If nothing else, it seems that the false notion of necessary and sufficient condition of bulk density and sonic velocity equivalency for 10% standard gel to soft tissue bullet penetration/expansion "equivalency" has been debunked; the remaining stumbling block seems to be "equivalency" of viscous forces in gel vs. various forces in tissue. Fortunately, for those who are fact-minded that question has been adequately addressed by the data presented in that Ph.D. dissertation referenced before. Carry on!
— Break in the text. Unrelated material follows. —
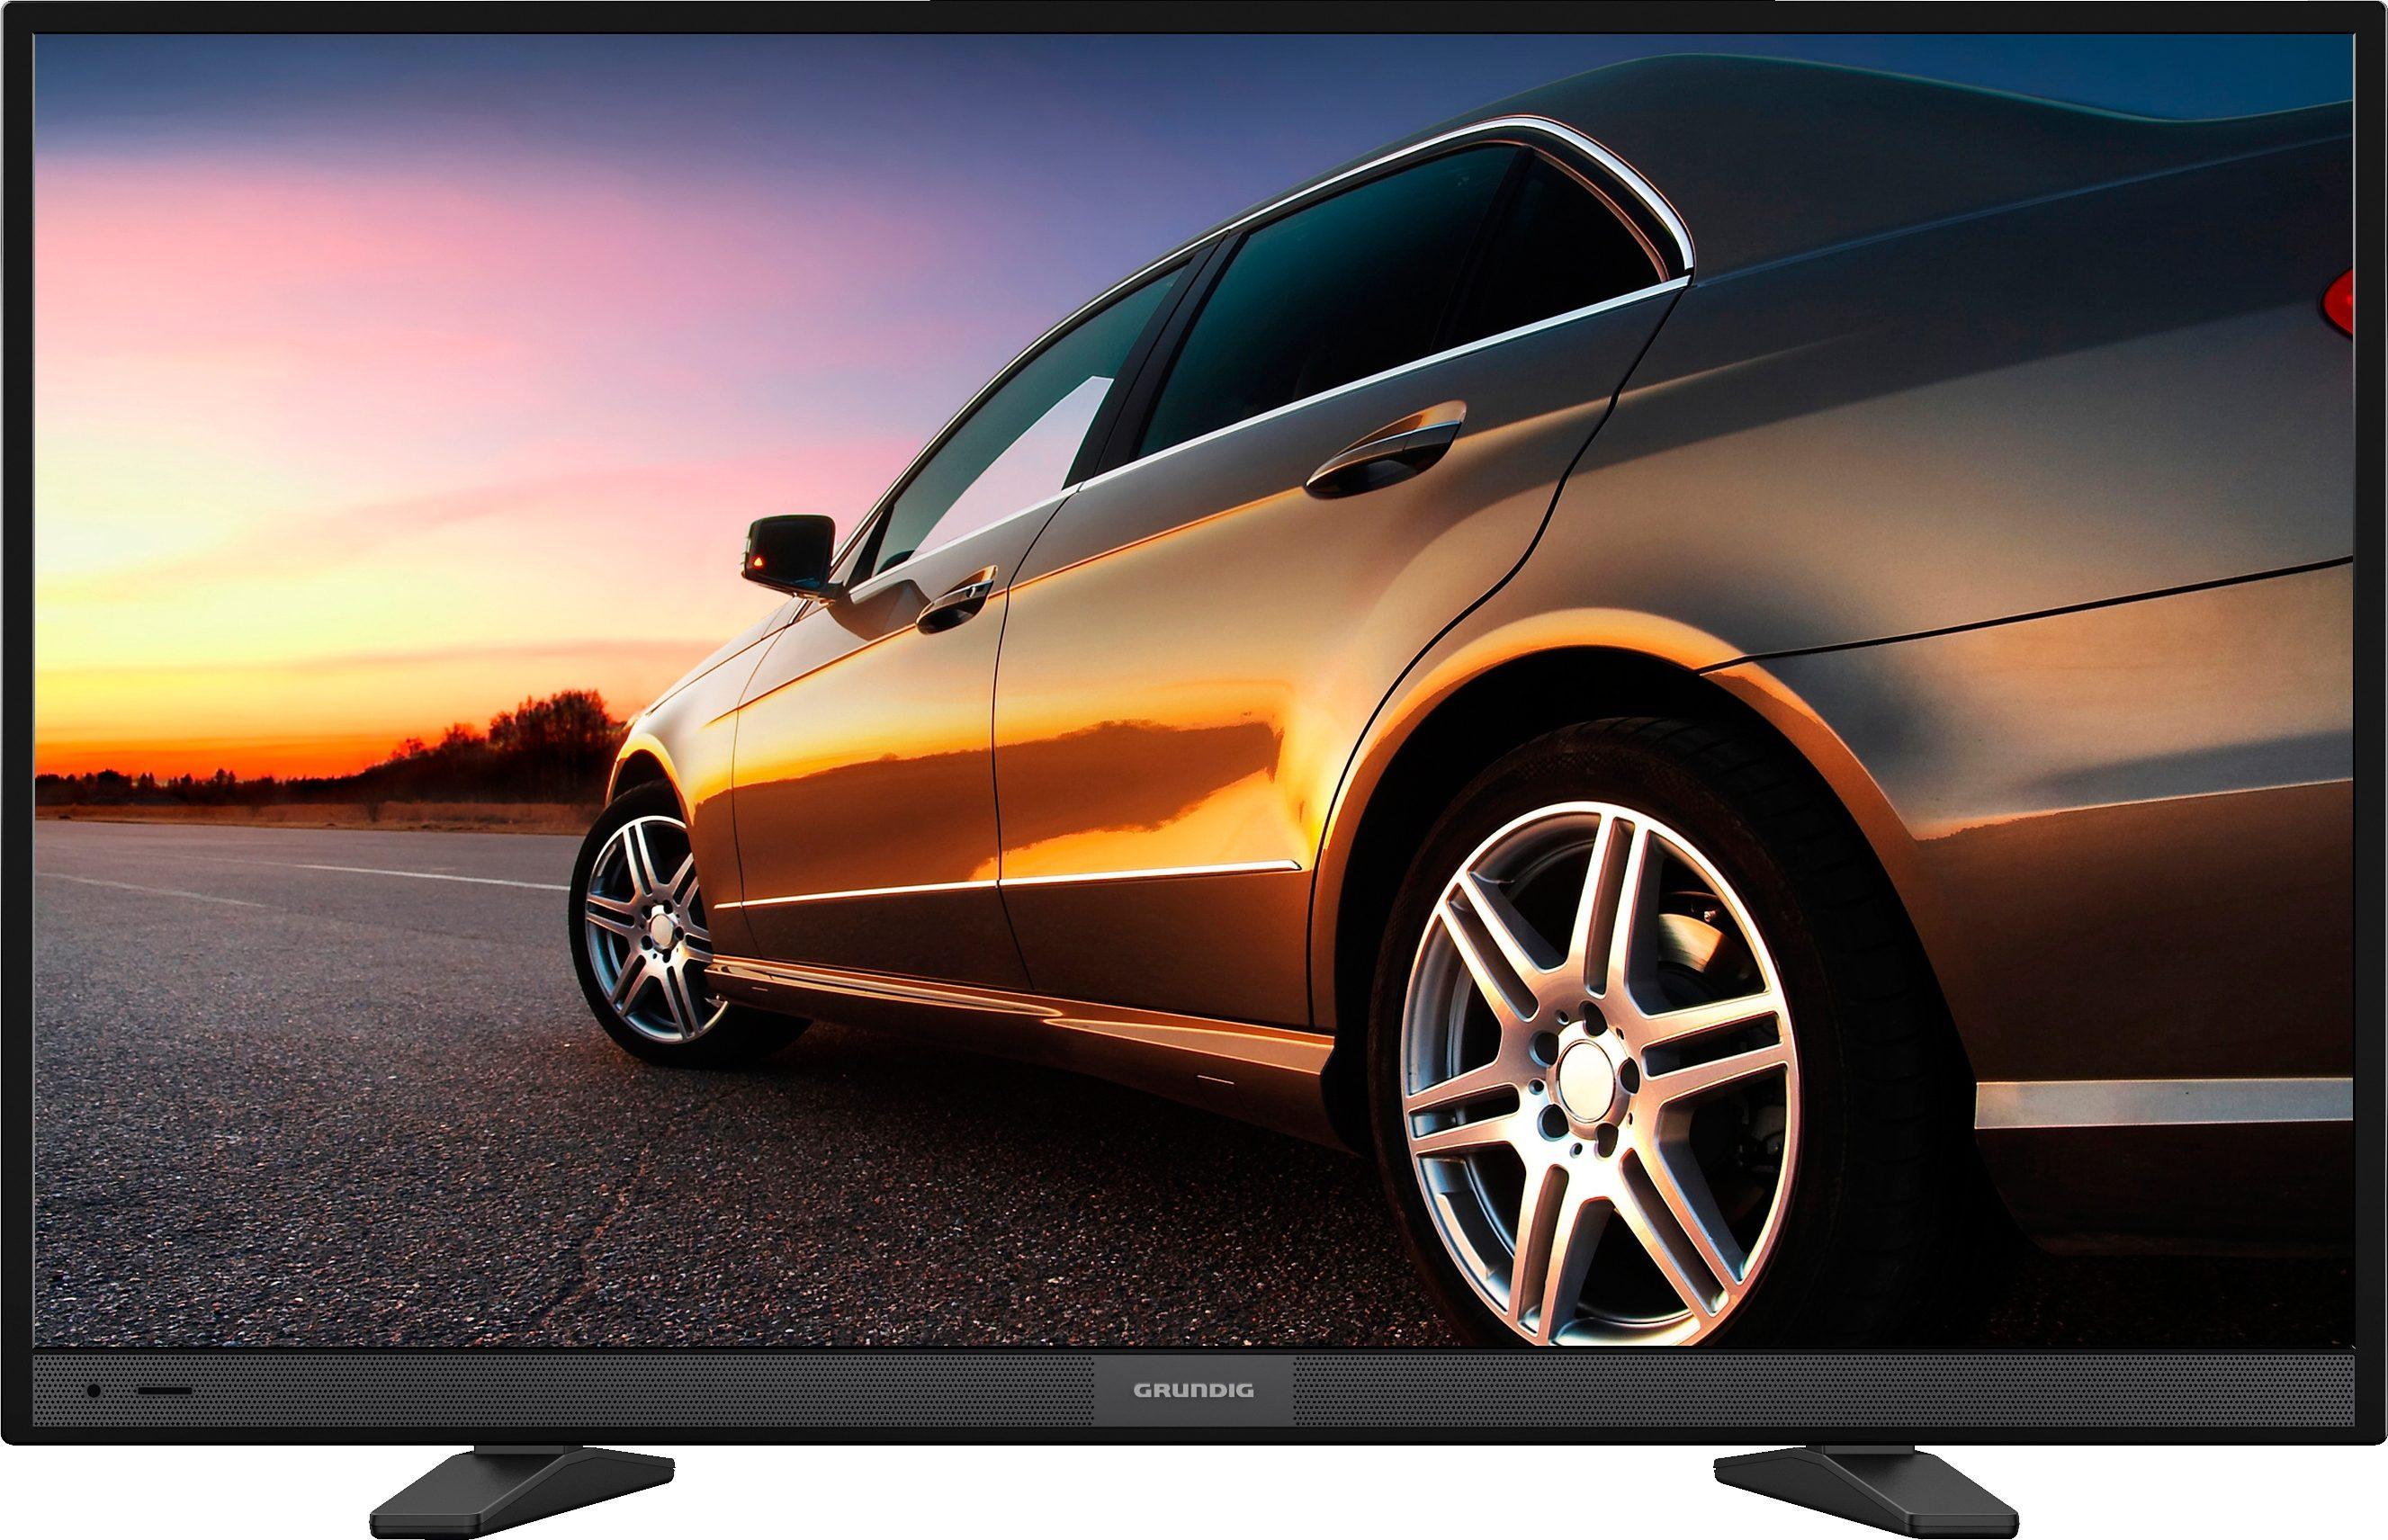 Grundig 48 VLE 6520 BL, LED Fernseher, 121 cm (48 Zoll), 1080p (Full HD), Smart-TV

Try as you may to change the present subject (which is your claimed ability to support the speculative position "of better correlation of tensile/shear forces in properly prepared wet pack and tissue overall"); for those who are actually ''fact-minded'' it remains clearly evident that you've yet to provide any actual proof that your speculative musings are valid. So you've conducted testing which have produced findings that demonstrate the "better correlation of tensile/shear forces in properly prepared wet pack and tissue overall"? Where might your test findings be reviewed for those who are indeed "fact-minded"? o_O
 
Try as you may to change the present subject (which is your claimed ability to support the speculative position "of better correlation of tensile/shear forces in properly prepared wet pack and tissue overall"); for those who are actually ''fact-minded'' it remains clearly evident that you've yet to provide any actual proof that your speculative musings are valid. So you've conducted testing which have produced findings that demonstrate the "better correlation of tensile/shear forces in properly prepared wet pack and tissue overall"? Where might your test findings be reviewed for those who are indeed "fact-minded"? o_O

If you become fact-minded first try to learn something from the tensile strength tests of various tissues presented in research that I previously mentioned; however, if you still adhere to the false notion that you repeatedly expressed over time about necessity and sufficiency of bulk modulus and sonic velocity equivalency to insure simulant "equivalency" to soft-tissue, then no findings will be relevant.